High dairy products intake reduces osteoporosis risk in Korean postmenopausal women: A 4 year follow-up study

Seon-Joo Park 1, Ji Hye Jung 2, Myung-Sunny Kim 3, Hae-Jeung Lee 1,
PMCID: PMC6172171  PMID: 30323911

Abstract

BACKGROUND/OBJECTIVES

The aim of this study was to identify the effect of dairy products, milk and yogurt on osteoporosis incidence among Korean postmenopausal women using prospective cohort data.

MATERIALS/METHODS

Between 2001 and 2003, 10,038 participants were recruited in rural and urban areas for a baseline examination of a community-based cohort study. Of those, 1,573 postmenopausal women (aged 40–69 years at baseline) were eligible for the present study. Intakes of dairy products, milk, and yogurt were assessed using a validated semi-quantitative food frequency questionnaire. The speed of sound at the radius and tibia were measured using a quantitative ultrasound device and osteoporosis was defined based on the WHO criteria (T-score ≤ −2.5).

RESULTS

During the 4-years follow-up study, the cumulative incidence of osteoporosis was 18.4% (273 cases) in the radius and 33.6% (407 cases) in the tibia.

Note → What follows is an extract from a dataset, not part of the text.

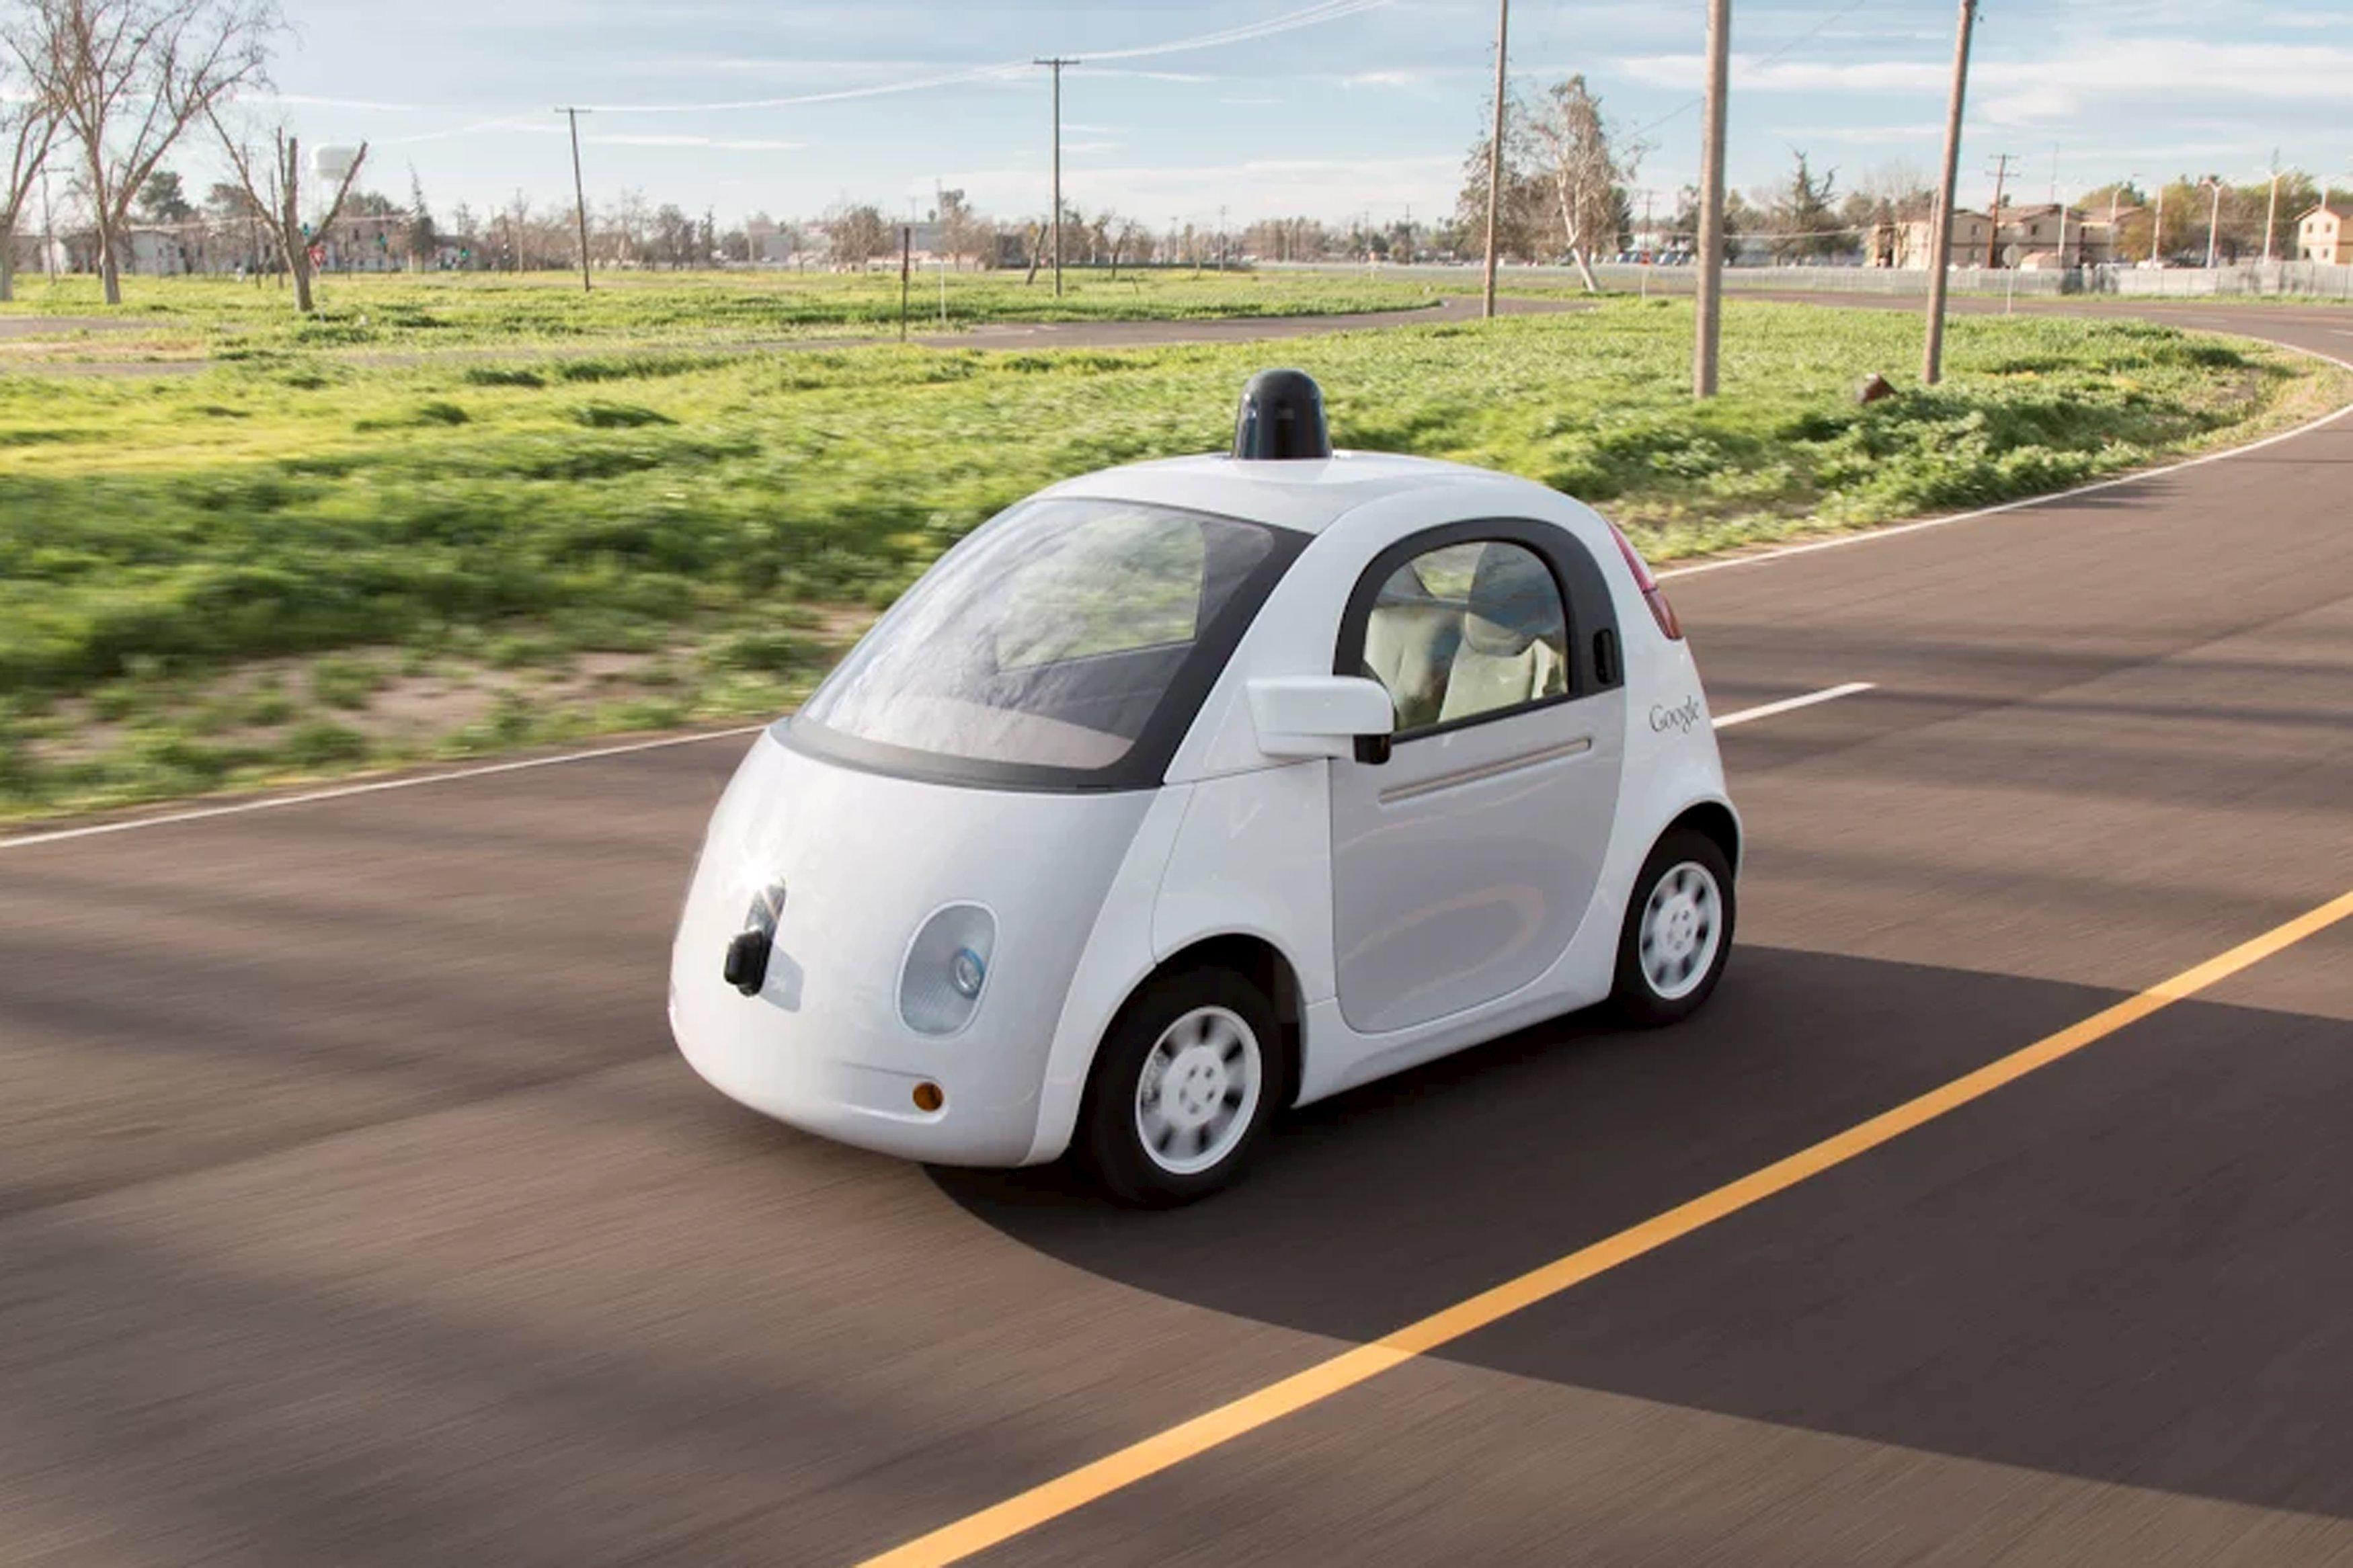 Google Tests Self-Driving Cars

The subjects with higher frequency of dairy product consumption showed a decreased risk of radius osteoporosis after adjusting for potential confounders [hazard ratio (HR) = 0.51, 95% confidence interval (CI): 0.33–0.80 for >1 time/day vs. non consumer; P for trend = 0.0027]. Similarly, high frequency of milk and yogurt consumption had a protective effect on radius osteoporosis risk [milk: HR = 0.60, 95% CI: 0.42–0.87 for > 5–6 times/week vs. non consumer (P for trend = 0.0130), yogurt: HR = 0.51, 95% CI: 0.30–0.85 for > 5–6 times/week vs. non consumer (P for trend = 0.0167)]. However, high dairy products consumption was not related with tibia osteoporosis.

CONCLUSIONS

This study suggests that daily intake of dairy products could potentially reduce radius osteoporosis incidence among Korean postmenopausal women.

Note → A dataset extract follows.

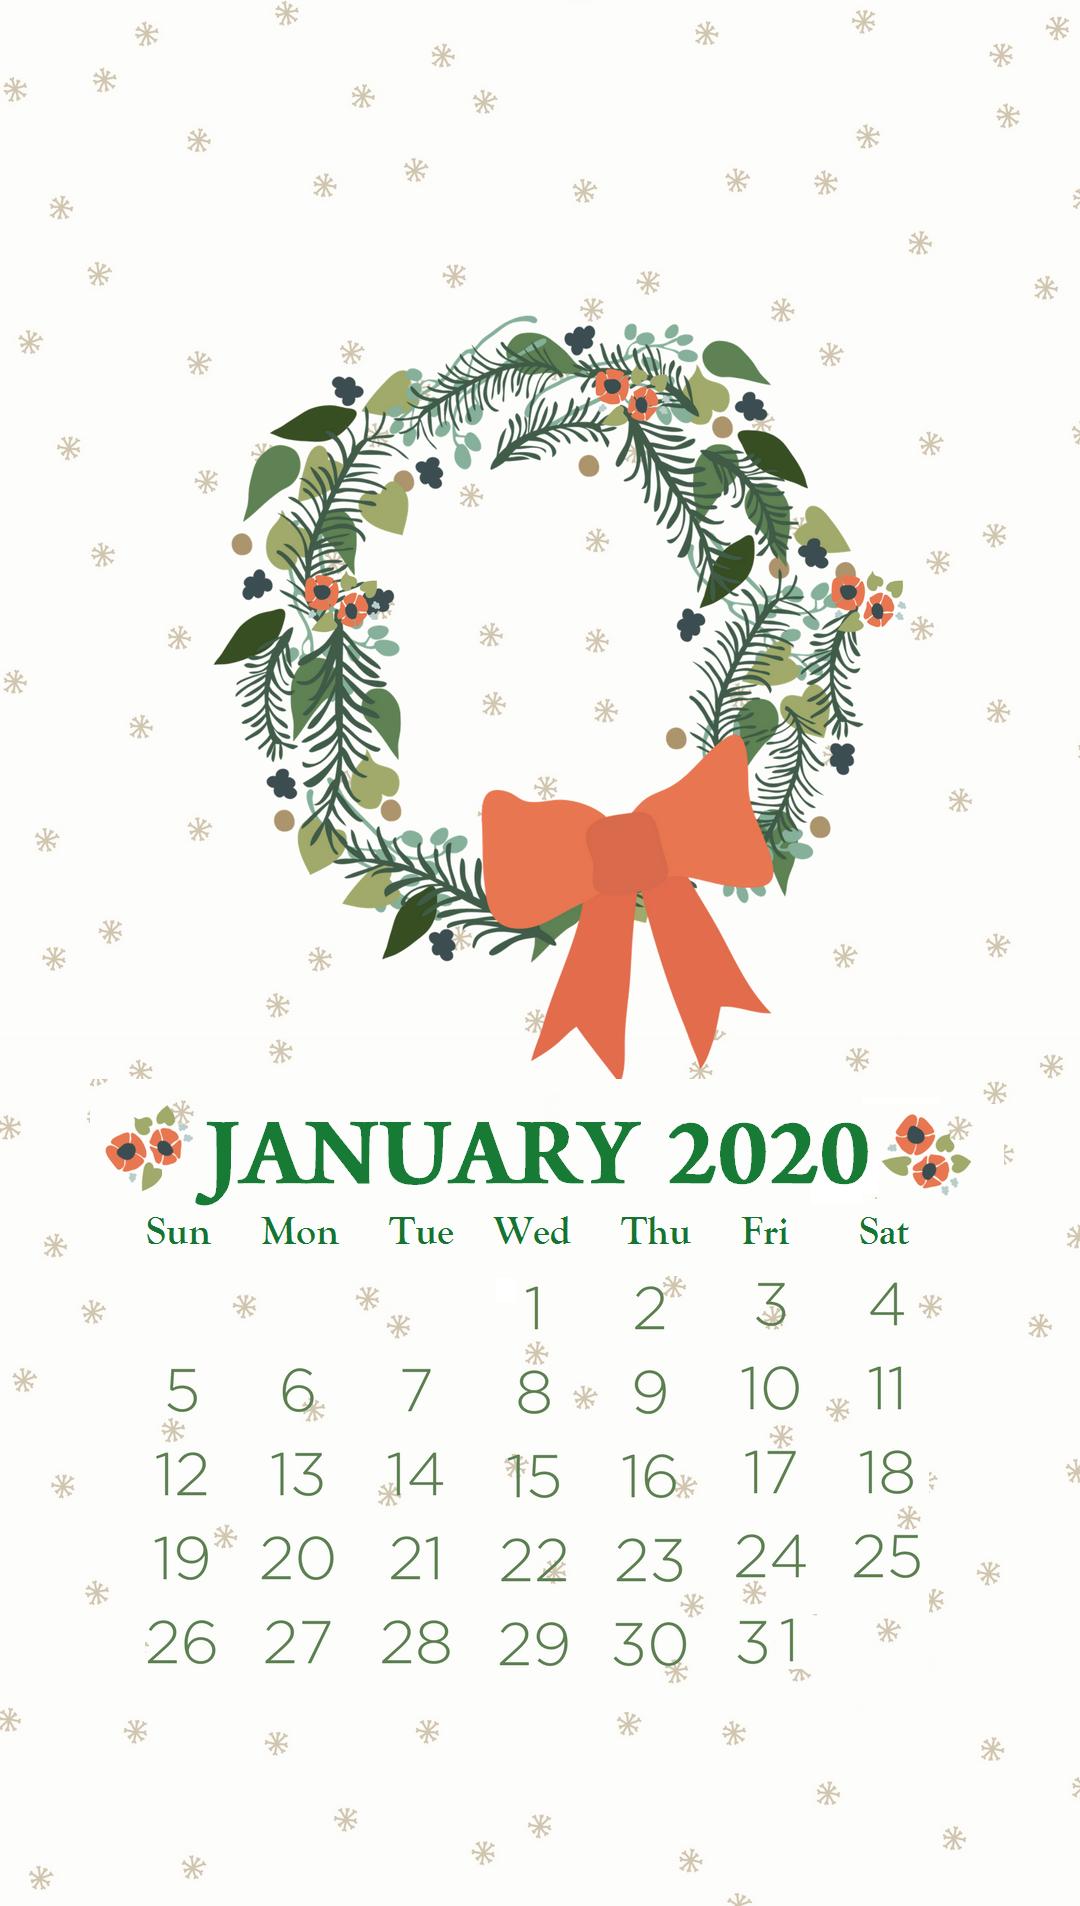 iPhone January 2020 Calendar Wallpaper Рождественские

Keywords: Dairy products, milk, osteoporosis, postmenopause, Korea

INTRODUCTION

Osteoporosis is an important concern for clinical and public health because it increases bone fragility and the consequent risk of fracture [1]. Due to the change in population demographics, estimates anticipated a double number of individuals with osteoporosis in the next 20 years [2]. In the aspect of bone mineral density (BMD), milk and dairy products which are a good source of both protein and calcium, are known to have plenty of benefits [3]. However, there is controversy over the protective effect of dairy products on osteoporotic fractures. A pooling study reported that the intake of 300 mg/day calcium (the equivalent of one glass of milk) decreased hip fracture risk in postmenopausal women [4]. A meta-analysis revealed that low milk intake was not associated with increased risk of osteoporotic fracture or of hip fracture [5]. On the other hand, a Swedish cohort study reported that consumption of three or more glasses of milk per day increased hip fracture risk in middle aged and elderly women [6]. Population-based studies reported that high consumption of dairy products reduced osteoporosis risk among postmenopausal women [7,8]. The Western diet is rich in dairy products such as cheese and yogurt. The average intake of calcium for Swedish cohort subjects who drank less than one glass of milk was 1,000 mg. Therefore, it is difficult to directly compare this result with studies conducted in Asian countries which consume relatively fewer milk and dairy products.

Korean meals mainly include rice, vegetables, fermented foods, and very few dairy products. The calcium and dairy product intake among 50–64 year old women was 479.6 mg and 23.20 g, respectively, and it was only 60.0% of the recommended dietary allowance of calcium (800 mg/day) [9]. Also, the prevalence of osteoporosis among Korean women aged 50 years and older was higher than those of American women of comparable age (34.9% in Korea vs. 15.4% in the USA) [10,11]. Therefore, it is necessary to examine the association of dairy product intake with osteoporosis in countries that consume low milk and dairy products such as in Asian countries.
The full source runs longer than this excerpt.